Australian coal lobbyists and boosters ignored this message and cherry-picked from the report to paint an entirely positive perspective on coal’s outlook to the Australian public.
Lobbyists used the OCE report to claim India could present a market upside for Australia of 37 million tonnes per annum (Mtpa), or three times the size of the Adani Carmichael coal proposal.
Yet, the Australian government’s approved Carmichael HALE coal mine is for 60Mtpa of exports, almost twice the entire possible upside the OCE finds might occur if India can’t deliver on their target to supply 100% of their own needs from their own domestic coal industry.
In order to counter some of the wilder assertions of lobbyists, IEEFA has reviewed the OCE report to decipher what’s really being stated.
The report’s first paragraph acknowledges that coal exporters are confronting “falling demand in Europe, North America and North East Asia.
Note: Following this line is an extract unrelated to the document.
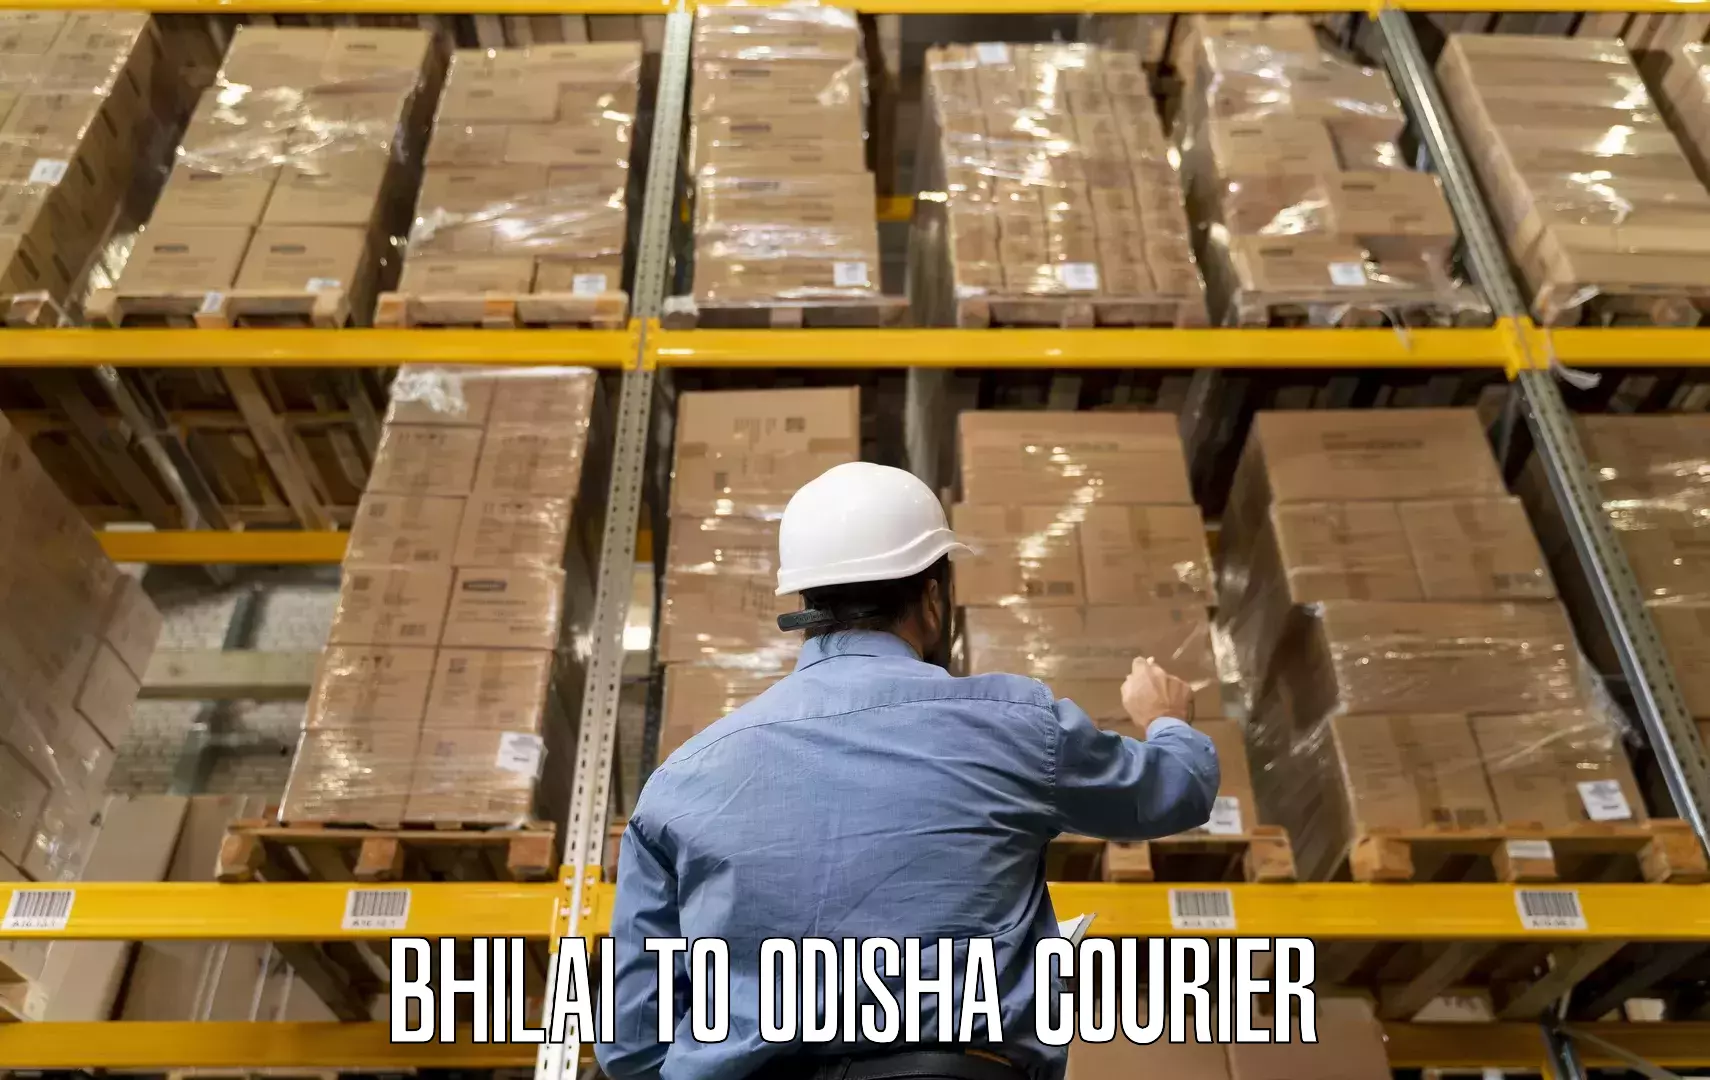 Furniture delivery service Bhilai to Jharsuguda

But while India is one of the great hopes for thermal coal exporters (alongside South East Asia) it also presents significant risks.”
While most major economies of the world are moving rapidly away from coal, the OCE chose to focus primarily on India – the one major country that might provide some relief to coal’s technological obsolescence and terminal decline evident in most developed world economies.
The OCE report found that India’s domestic coal production growth rate in the last five years was 5.5% annually – an enormous improvement on the 1.0% annual growth evident in the five years to 2014. The report concluded that if the fivefold acceleration in domestic production faltered for some reason, there is scope for India to increase its coal imports.
What the OCE report failed to mention was the Government of India this month came out with a target to reduce coal imports by a third by 2025. Coal India Ltd this week referenced a plan to replace 50-55Mtpa of thermal coal imports within the next three years.
But, let’s not get bogged down. The OCE report backed their conclusion by pointing to Indian state-controlled coal mining and refinery company – Coal India – recently delaying its target to double coal production to 1,000Mtpa by 2026, implying an acceleration to 7.5% annual volume growth over the next seven years, which supports the Government of India’s forecast for reduced imports.
Again however, the wider story is missing. The OCE doesn’t mention that the Indian Government’s own electricity generation company – NTPC – has just this month re-iterated its progress on plans to lift inhouse coal production tenfold to 113Mtpa in order to vertically integrate its 50 gigawatts (GW) of domestic coal-fired power plants, at the same time as it builds 6GW of renewable energy. Nor does the OCE mention that Adani Enterprises is well on track to lift its Indian coal mining capacity tenfold to 100Mtpa.
That means two of India’s largest coal-fired power plant owners are looking to vertically integrate through the development of Indian coal mines of a combined capacity that exceeds India’s total annual coal imports – a risk not addressed in the OCE report.
These developments suggest India is seeking to enhance its energy independence, even as it aggressively implements its target to increase renewable energy installs fivefold in the next 11 years to 523GW.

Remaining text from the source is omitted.